Humanized CD19 CAR-T Cell Combined with Multiple Combination Treatments in Relapsed/Refractory B-Cell Non-Hodgkin Lymphoma

Purpose: To study the efficacy and side effects of humanized anti-CD19-CAR T-cell combined with multiple combination treatments in relapsed/refractory B-cell non-Hodgkin lymphoma.

Methods: Thirty-eight relapsed/refractory B-cell non-Hodgkin lymphoma patients were enrolled in a clinical trial of anti-CD19 chimeric antigen receptor (CAR) modified T-cell expressing humanized anti-CD19 scFv and 4-1BB-CD3ζ costimulatory-activation domains therapy (ChiCTR1800018059) at the Department of Hematology in Tianjin First Center Hospital (Tianjin, China). Except for anti-CD19-CAR T-cell therapy, all the patients received multiple combination treatments before or at the same time of CAR-T cell therapy. The multiple combination treatments included anti-CD22-CAR T-cell, Programmed death 1 (PD-1) inhibitor, Bruton's tyrosine kinase (BTK) inhibitors, Lenalidomide, Advance high-dose chemotherapy and Radiotherapy.
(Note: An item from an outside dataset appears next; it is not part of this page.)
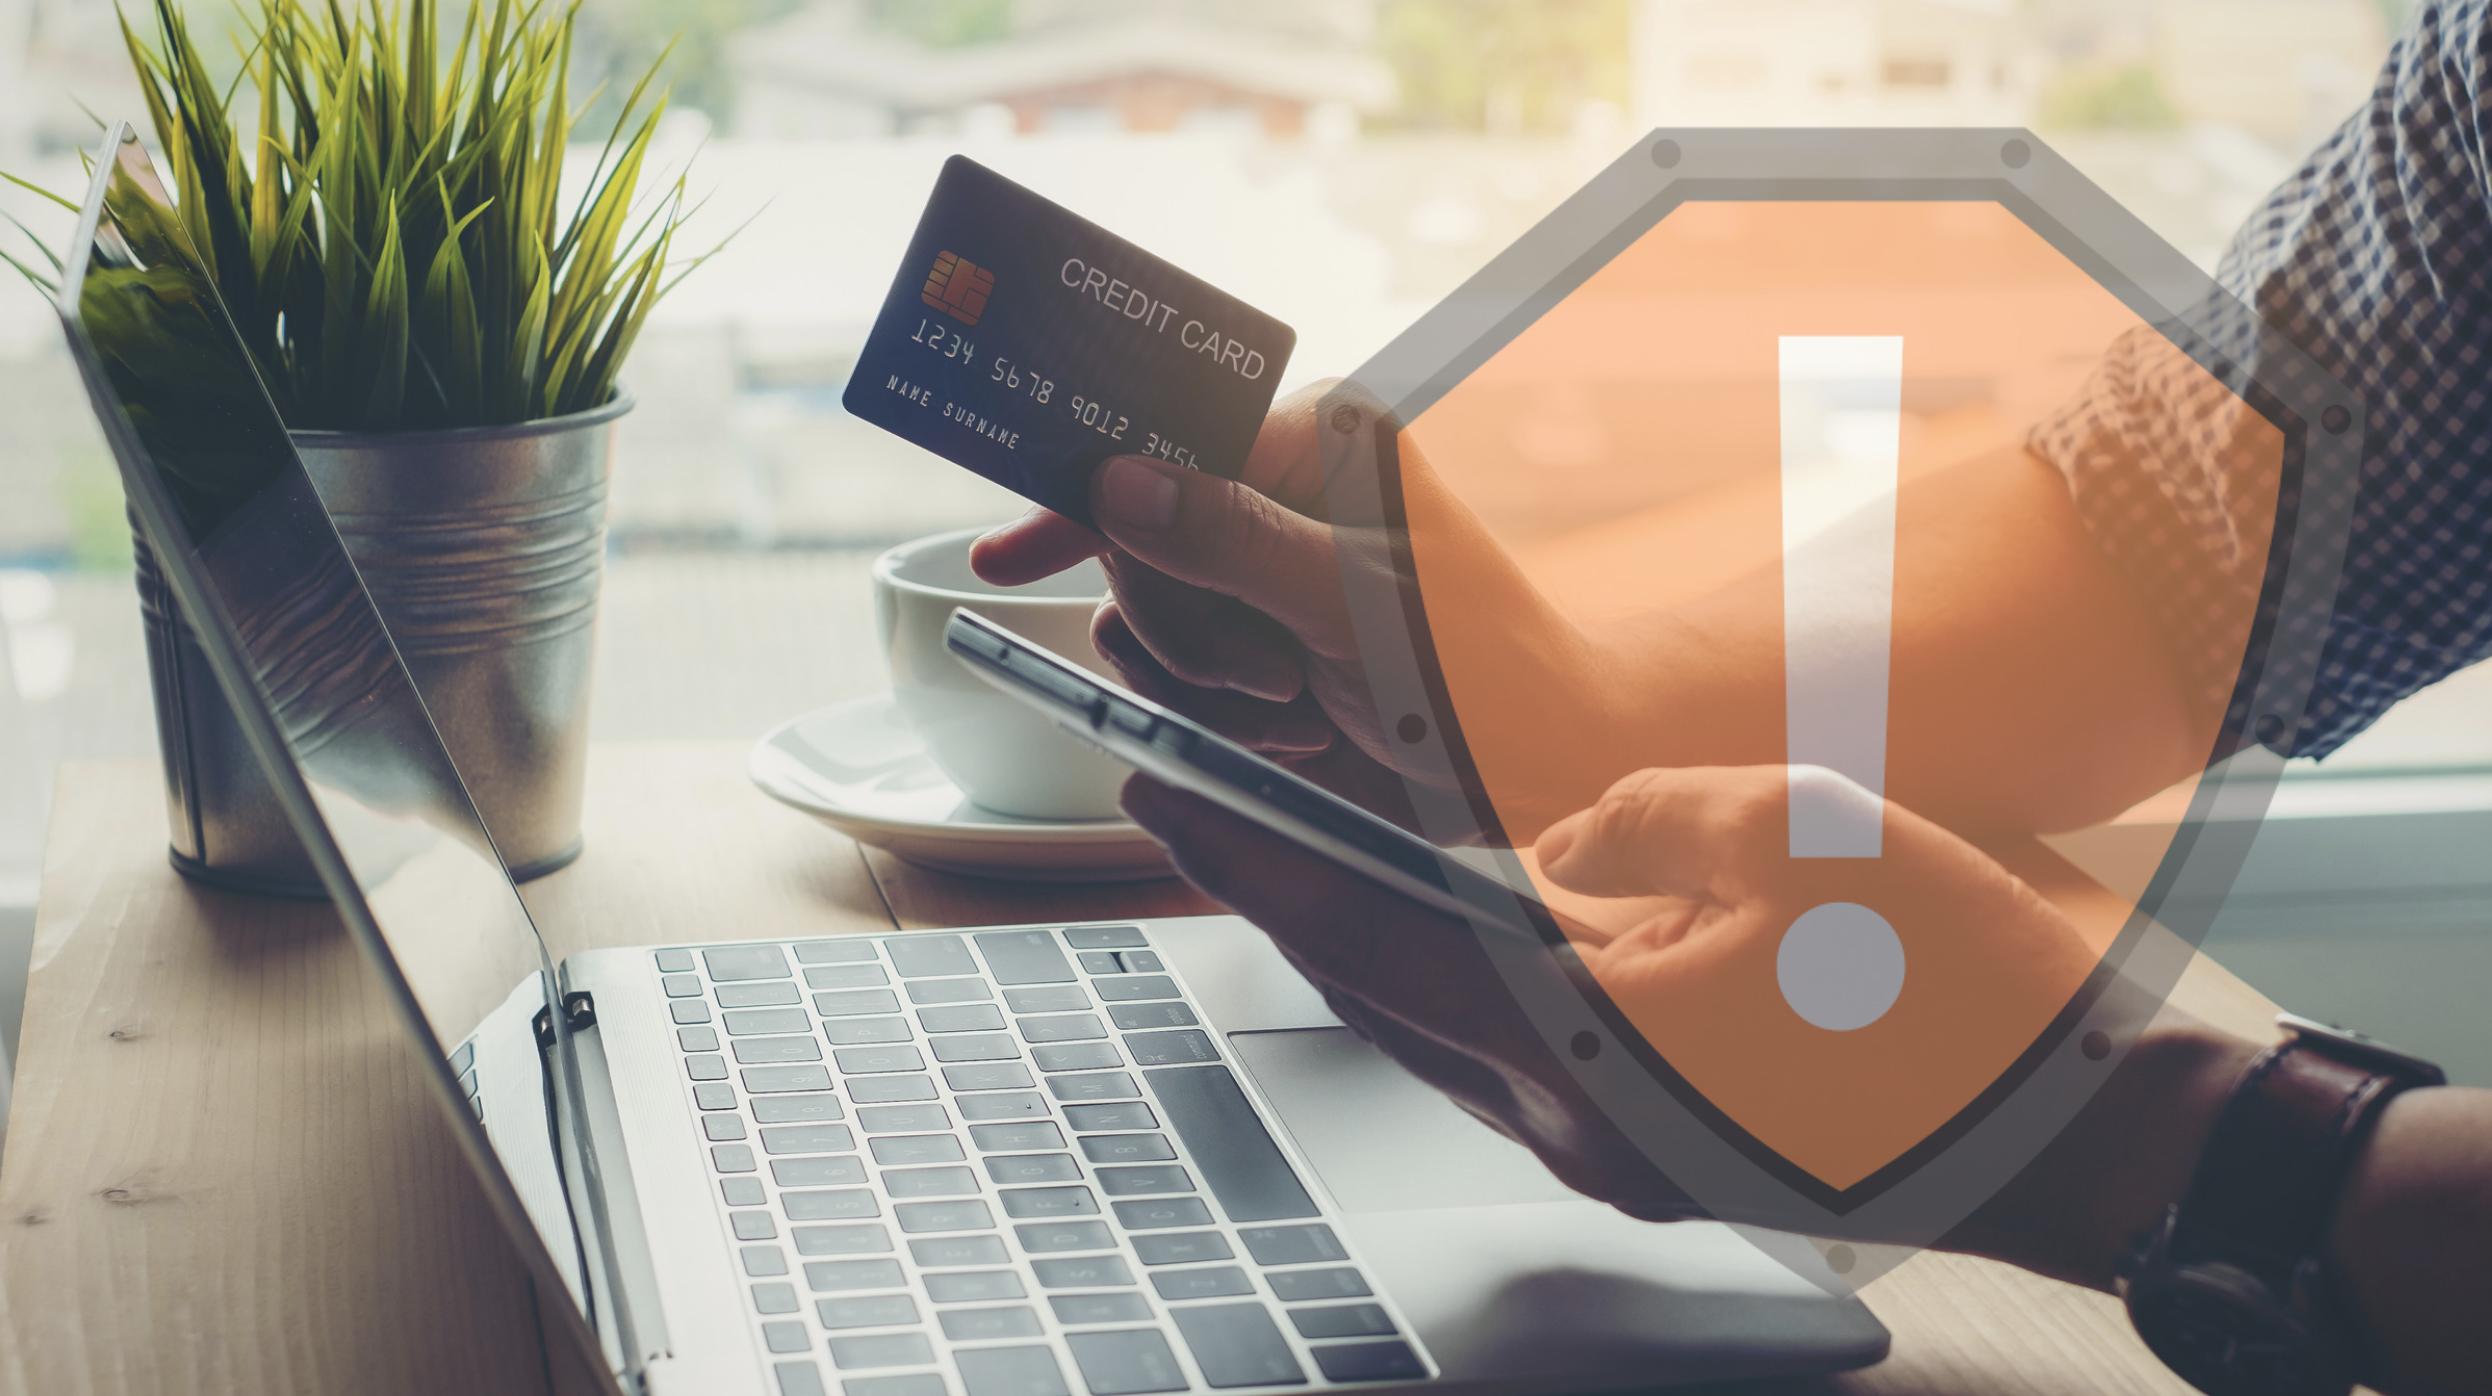 """Sprawdź, zanim opłacisz! Uwaga na fałszywe e-faktury od """"Orange"""""""

Patients were evaluated 2 months after the infusion. The side effects were observed in all the process of the combination treatments. Cytokine release syndrome (CRS) was graded according to the ASBMT Consensus Criteria.

Results: The median time from infusion to cutoff day was 7 months (Range: 1 to 16 months). There were 37 patients included in the evaluation of the efficacy and side effects (Except for one patient with high tumor burden died of CRS 7 days after the infusion). The best overall response rate (ORR) was 75.6% (28/37). The complete response (CR) rate was 45.9% (17/37), the partail response (PR) rate was 29.7% (11/37), the stable disease (SD) rate was16.2% (6/37) and the disease progression (PD) rate was 8.1% (3/37). The grade of cytokine release syndrome (CRS) was Grade 1: 25/38, Grade 2: 9/38, Grade 3: 3/38, Grade 4: 0/38 and Grade 5: 1/38. Two patients died from disease progression within 60 days after infusion. One patient with high tumor burden who achieved PR at 14 days died from intestinal perforation after 25 days of infusion. The combination treatments of anti-CD22-CAR T-cell (4/38), treatment dose or 1/2 treatment dose of PD-1 inhibitor (5/38) or BTK inhibitors (3/38) therapy improved the curative effect of humanized anti-CD19-CAR T-cell therapy. Advance high-dose chemotherapy for patients (9/38) with high tumor burden before the anti-CD19-CAR T-cell therapy achived a satisfactory ORR (5/9) and Grade 1-2 CRS. No patients died from the advance and intensive chemotherapy. There were 6 patients with refractory lymphoma received radiotherapy before they enrolled in the anti-CD19-CAR T-cell therapy. There were 5 patients achived CR or PR except for one patient with high tumor burden died of CRS 7 days after the infusion (the IL-6 level was more than 1000 U/mL at day 3). But the side effects were significant in these 6 patients (Grade 1: 0/6, Grade 2: 2/6, Grade 3: 3/6, Grade 4: 0/6, Grade 5: 1/6). There was no efficacy improvement from the combination treatments of lenalidomide (14/38, 3 patients received advance high-dose chemotherapy meanwhile among the 14 patients), and the side effects were not significant.

Conclusions: The multiple combination treatments combined with humanized anti-CD19-CAR T-cell therapy could improve the efficacy without increase side effects obviously.